Friday, December 2, 2011

M13 Designing Lair (2)

I want to try to summarize some of the great proposals that were suggested in part one, but first let me suggest that perhaps we are thinking too small with lair. Right now, [landtype] Lair means "As long as you control a [landtype]..." That's been working well for us, but we should at least consider the possibility of creating a more universal ability word. By replacing the [landtype] variable with the [characteristic] variable, the ability word now handles all threshold-1 scenarios. I found 23 common creatures with this set-up and 18 non-common ones, so it may be worthwhile to find one ability word that binds them all under the same verbal concept.
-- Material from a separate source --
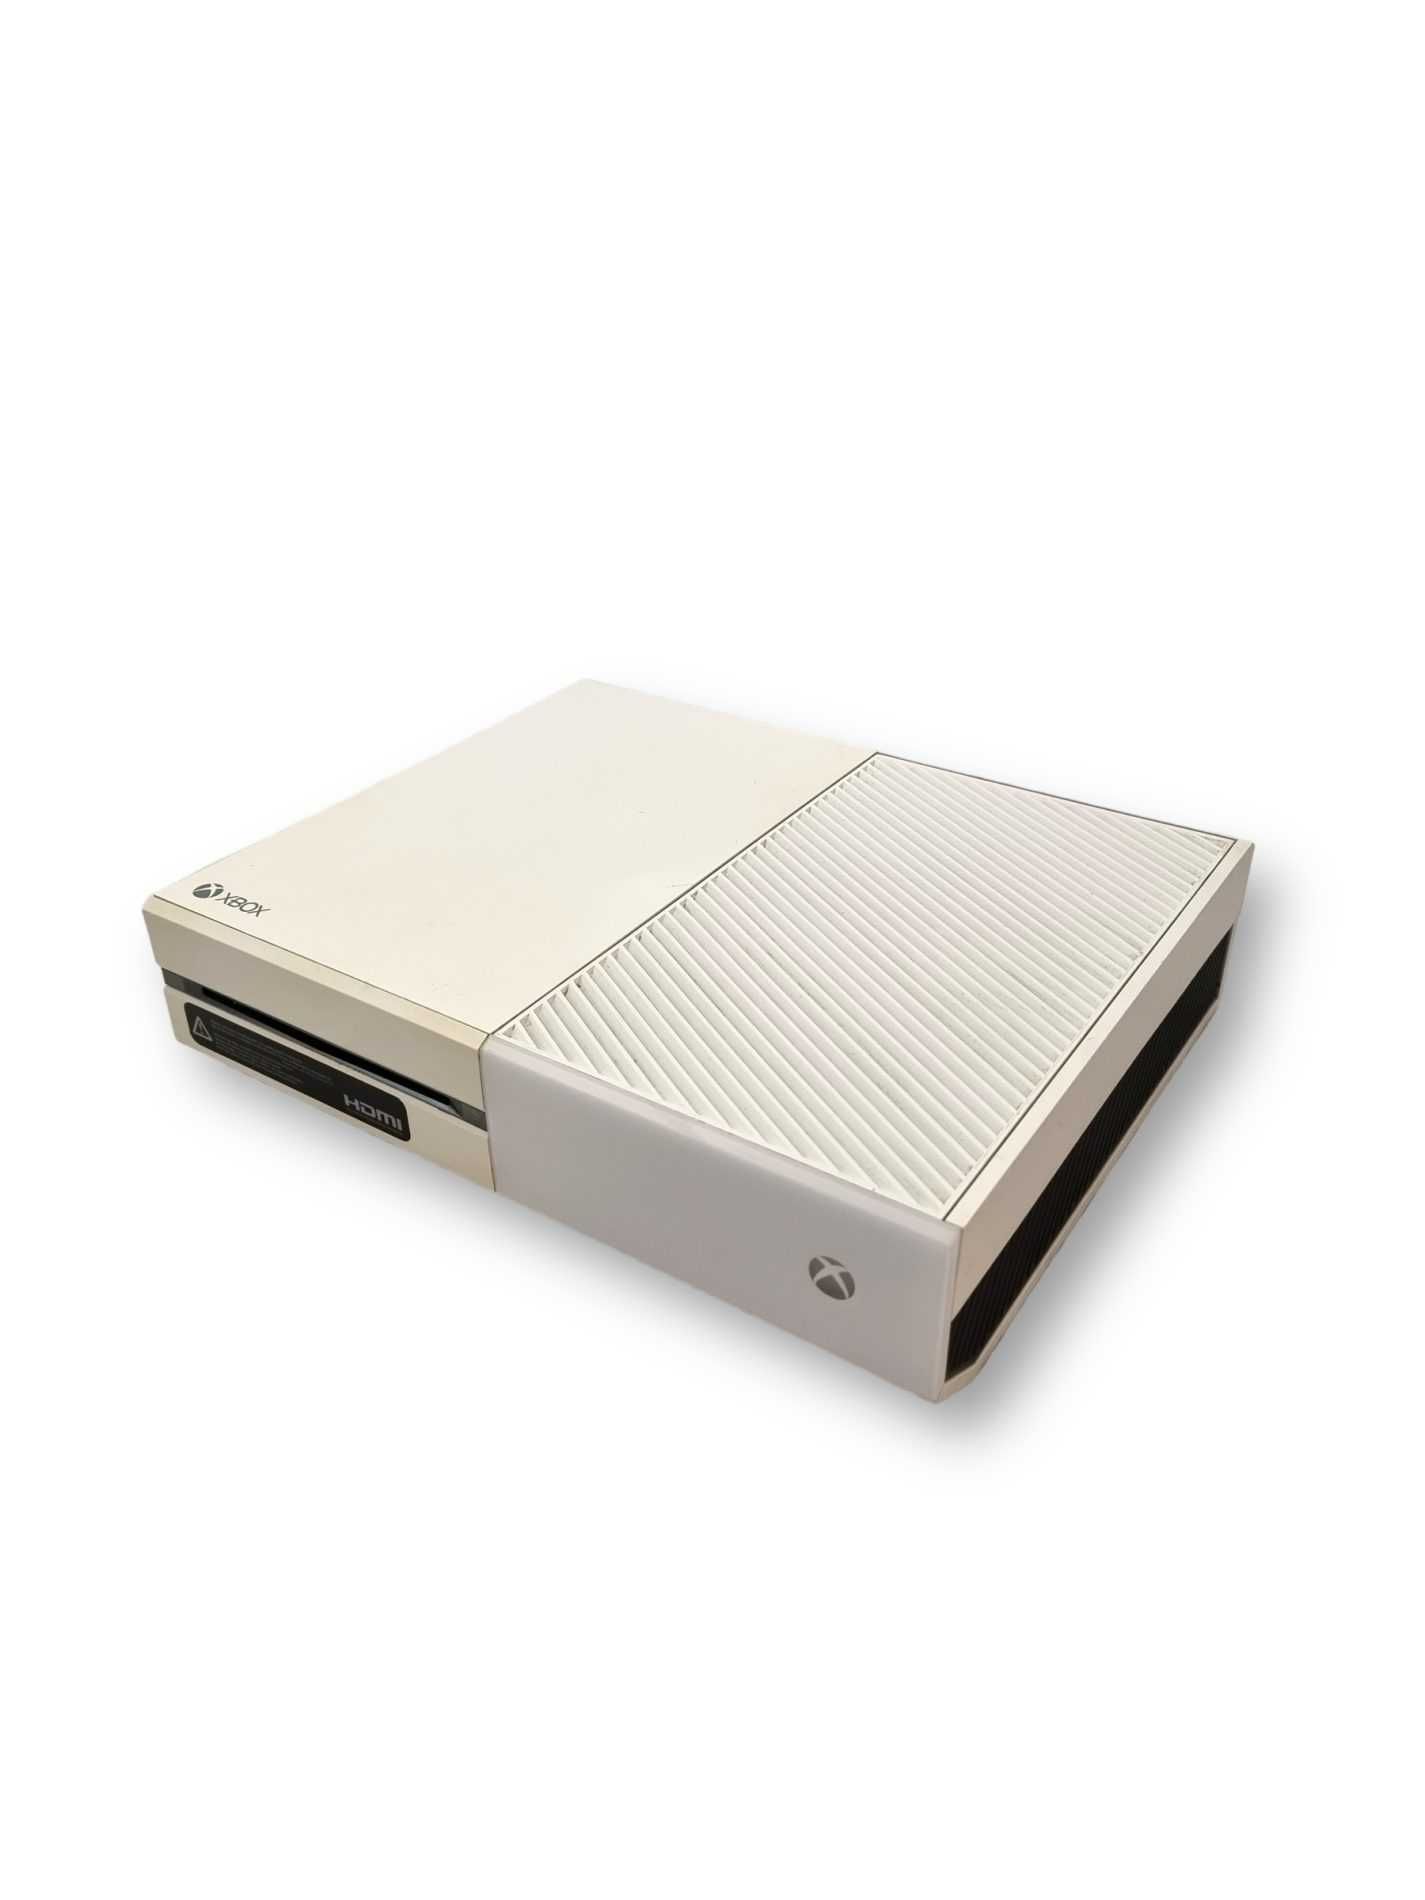 Konsola Xbox One 500GB biała + pad
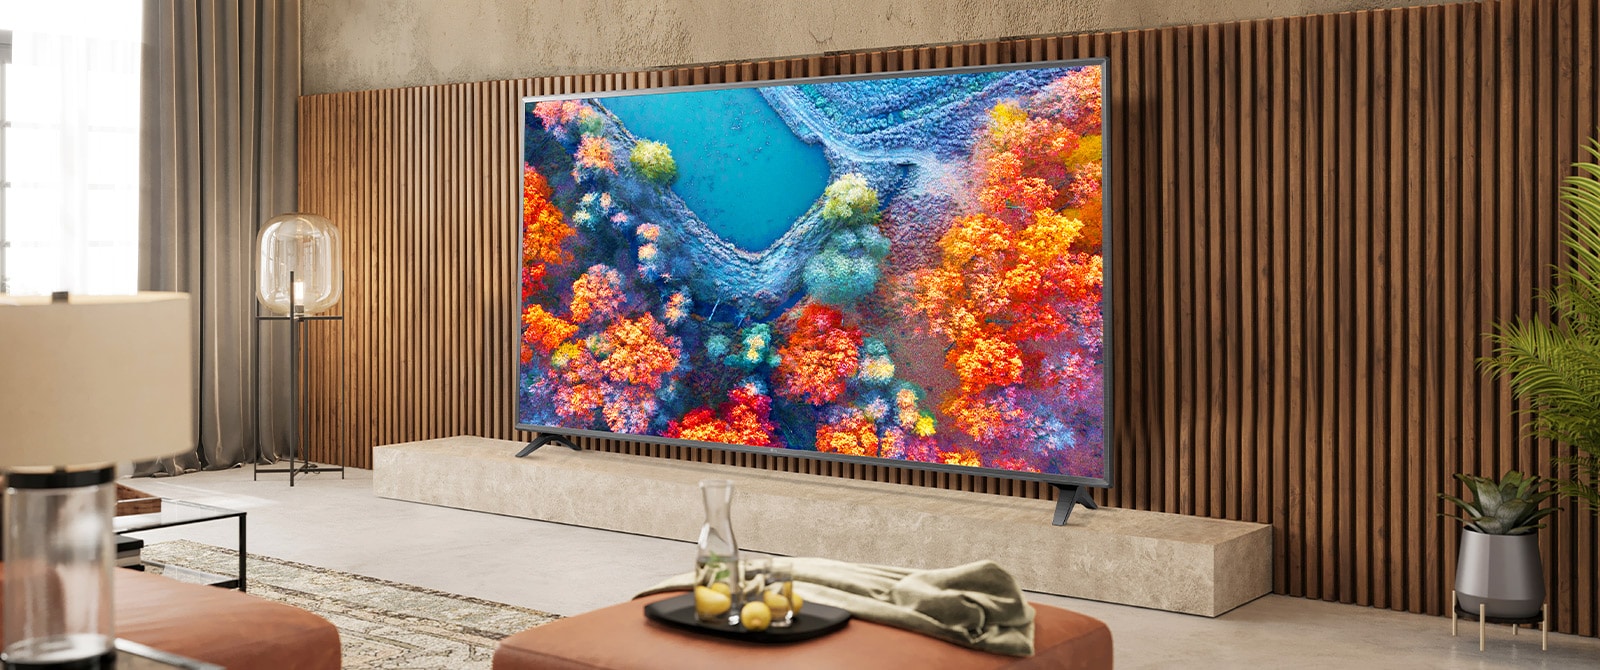 W pokoju dziennym znajduje się telewizor z cienką ramką, którego żywy ekran doskonale komponuje się z wystrojem wnętrza.

"Lair" would not do it. I don't think Kithkin Greatheart, as fond as he is of giants, would hang out in a filthy giant lair nor would Cliffrunner Behemoth spend much time in, uh, in red and/or white lairs, whatever that means. We've discussed what name to use for this ability multiple times and we're mostly very happy with lair when it cares only about land types and appears only on creatures. Again, I lament that 'affinity' is taken since that would be perfect. 'Awareness' might work. 'Presence' and 'bond' have potential. Trevor had some good suggestions recently too. I like 'skill' and 'proficiency' but they both fail the above test. 'Boost' and 'ability' are a bit generic, but I think that's exactly what we need if we go this route.

Let's see how it looks on some existing cards (click to zoom):
You may notice that the template for Jund Hackblade isn't identical because it adds the redundant words 'another' and 'permanent'. While it's possible for weird spells to make Griffin Rider a griffin and thus count itself, printing 'another' on that card would be more confusing than helpful. Luckily an ability word is tied more to a concept that specific rules text, so this seems fine. BTW, we should totally reprint Hedge Troll in 2013.

So it could work. Cool. The question remains, however, should we do it? What I'm proposing is actually a first: an evergreen ability word. Do we gain something from making the connection between these cards (or more specifically, future printings of cards like these)? There was a cool conversation inspired by Nich's idea to keyword firebreathing that helped solidify a lot of the criteria for doing so in my head. I'm sure there's an article on dailymtg too. If you can find that, please share.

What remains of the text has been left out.